Task requirements: Although the data below holds other lines too, output only those from the line with "AudioQuest HDMI 90°NU/R Adapter" up to and including the line with "gap zip up jacket", exactly as they appear.

Data provided:
====
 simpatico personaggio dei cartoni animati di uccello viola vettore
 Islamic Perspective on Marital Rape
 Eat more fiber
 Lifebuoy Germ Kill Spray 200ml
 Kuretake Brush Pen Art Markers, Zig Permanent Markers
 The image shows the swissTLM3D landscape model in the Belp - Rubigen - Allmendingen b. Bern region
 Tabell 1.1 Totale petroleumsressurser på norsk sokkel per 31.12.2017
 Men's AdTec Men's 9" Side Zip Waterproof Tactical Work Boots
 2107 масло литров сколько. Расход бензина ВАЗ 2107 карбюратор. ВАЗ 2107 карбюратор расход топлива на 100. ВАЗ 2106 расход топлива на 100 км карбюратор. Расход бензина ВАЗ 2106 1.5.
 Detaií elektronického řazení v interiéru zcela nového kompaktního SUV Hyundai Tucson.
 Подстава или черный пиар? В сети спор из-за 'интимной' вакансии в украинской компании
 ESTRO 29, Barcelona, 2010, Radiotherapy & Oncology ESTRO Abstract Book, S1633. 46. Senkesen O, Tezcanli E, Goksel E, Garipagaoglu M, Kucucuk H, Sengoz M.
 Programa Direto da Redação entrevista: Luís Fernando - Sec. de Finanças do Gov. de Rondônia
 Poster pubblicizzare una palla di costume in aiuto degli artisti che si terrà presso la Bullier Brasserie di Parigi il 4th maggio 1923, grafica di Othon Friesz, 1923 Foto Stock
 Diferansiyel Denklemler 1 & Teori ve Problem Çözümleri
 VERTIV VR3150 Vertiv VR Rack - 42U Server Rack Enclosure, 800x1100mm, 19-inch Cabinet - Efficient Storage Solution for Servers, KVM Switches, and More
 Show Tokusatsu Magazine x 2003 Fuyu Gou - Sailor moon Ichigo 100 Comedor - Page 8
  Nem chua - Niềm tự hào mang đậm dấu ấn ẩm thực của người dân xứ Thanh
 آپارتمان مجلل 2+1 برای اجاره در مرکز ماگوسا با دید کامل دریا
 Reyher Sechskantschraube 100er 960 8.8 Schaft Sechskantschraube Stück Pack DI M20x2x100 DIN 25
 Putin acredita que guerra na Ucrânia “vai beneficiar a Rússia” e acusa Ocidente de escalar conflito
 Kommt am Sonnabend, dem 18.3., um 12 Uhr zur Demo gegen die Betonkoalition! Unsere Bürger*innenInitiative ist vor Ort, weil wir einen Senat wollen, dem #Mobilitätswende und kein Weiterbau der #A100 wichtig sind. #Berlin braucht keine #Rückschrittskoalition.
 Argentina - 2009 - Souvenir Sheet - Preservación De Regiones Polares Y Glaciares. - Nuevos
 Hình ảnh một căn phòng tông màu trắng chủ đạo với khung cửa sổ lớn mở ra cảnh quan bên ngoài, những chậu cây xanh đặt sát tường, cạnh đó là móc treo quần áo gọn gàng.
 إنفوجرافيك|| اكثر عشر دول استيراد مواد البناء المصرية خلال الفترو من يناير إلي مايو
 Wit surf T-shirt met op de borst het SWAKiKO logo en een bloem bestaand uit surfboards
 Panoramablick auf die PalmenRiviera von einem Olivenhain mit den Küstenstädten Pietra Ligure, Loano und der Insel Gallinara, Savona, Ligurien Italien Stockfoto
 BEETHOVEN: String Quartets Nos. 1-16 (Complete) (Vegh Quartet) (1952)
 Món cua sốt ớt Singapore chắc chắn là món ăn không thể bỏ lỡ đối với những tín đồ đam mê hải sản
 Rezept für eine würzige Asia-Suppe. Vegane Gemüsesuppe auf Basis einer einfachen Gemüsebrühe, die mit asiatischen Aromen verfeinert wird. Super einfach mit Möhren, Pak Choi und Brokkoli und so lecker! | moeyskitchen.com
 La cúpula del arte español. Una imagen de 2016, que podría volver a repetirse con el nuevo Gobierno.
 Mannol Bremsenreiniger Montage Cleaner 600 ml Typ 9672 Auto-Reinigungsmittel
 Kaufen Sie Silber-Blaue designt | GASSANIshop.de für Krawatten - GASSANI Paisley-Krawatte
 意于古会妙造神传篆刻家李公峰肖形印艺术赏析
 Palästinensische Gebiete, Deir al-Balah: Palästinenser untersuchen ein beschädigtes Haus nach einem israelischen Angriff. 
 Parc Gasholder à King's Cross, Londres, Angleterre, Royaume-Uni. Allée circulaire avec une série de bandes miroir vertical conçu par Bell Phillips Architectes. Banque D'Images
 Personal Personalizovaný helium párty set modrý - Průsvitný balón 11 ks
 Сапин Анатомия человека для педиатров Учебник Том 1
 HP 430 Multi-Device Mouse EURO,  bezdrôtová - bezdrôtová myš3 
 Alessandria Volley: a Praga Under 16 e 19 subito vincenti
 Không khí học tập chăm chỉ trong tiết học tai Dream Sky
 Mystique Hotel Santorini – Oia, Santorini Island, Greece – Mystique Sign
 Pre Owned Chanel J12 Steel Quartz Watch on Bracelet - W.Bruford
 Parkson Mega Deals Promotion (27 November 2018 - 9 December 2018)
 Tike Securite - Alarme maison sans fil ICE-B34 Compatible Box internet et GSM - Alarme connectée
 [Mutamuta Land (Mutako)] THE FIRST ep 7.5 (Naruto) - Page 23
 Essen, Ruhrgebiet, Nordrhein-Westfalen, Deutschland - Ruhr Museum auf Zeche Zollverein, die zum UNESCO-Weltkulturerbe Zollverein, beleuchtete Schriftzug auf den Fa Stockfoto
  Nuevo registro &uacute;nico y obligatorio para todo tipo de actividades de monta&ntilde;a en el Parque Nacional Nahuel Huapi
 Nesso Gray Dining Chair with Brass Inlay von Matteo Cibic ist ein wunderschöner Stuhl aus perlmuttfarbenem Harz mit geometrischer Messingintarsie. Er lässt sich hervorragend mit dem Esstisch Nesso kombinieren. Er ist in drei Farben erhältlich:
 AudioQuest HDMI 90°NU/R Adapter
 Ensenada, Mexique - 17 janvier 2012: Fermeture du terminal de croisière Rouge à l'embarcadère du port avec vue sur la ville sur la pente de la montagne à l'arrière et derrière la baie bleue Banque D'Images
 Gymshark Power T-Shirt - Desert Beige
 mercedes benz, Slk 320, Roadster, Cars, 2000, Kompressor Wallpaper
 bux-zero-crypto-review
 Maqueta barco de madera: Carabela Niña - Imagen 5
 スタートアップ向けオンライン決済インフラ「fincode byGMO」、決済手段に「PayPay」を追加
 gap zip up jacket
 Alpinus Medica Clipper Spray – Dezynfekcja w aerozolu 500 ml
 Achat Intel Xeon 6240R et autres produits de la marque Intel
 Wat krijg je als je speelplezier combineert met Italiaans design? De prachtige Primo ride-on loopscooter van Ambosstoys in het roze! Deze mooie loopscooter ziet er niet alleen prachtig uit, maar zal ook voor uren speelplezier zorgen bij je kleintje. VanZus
====
Answer section:
 AudioQuest HDMI 90°NU/R Adapter
 Ensenada, Mexique - 17 janvier 2012: Fermeture du terminal de croisière Rouge à l'embarcadère du port avec vue sur la ville sur la pente de la montagne à l'arrière et derrière la baie bleue Banque D'Images
 Gymshark Power T-Shirt - Desert Beige
 mercedes benz, Slk 320, Roadster, Cars, 2000, Kompressor Wallpaper
 bux-zero-crypto-review
 Maqueta barco de madera: Carabela Niña - Imagen 5
 スタートアップ向けオンライン決済インフラ「fincode byGMO」、決済手段に「PayPay」を追加
 gap zip up jacket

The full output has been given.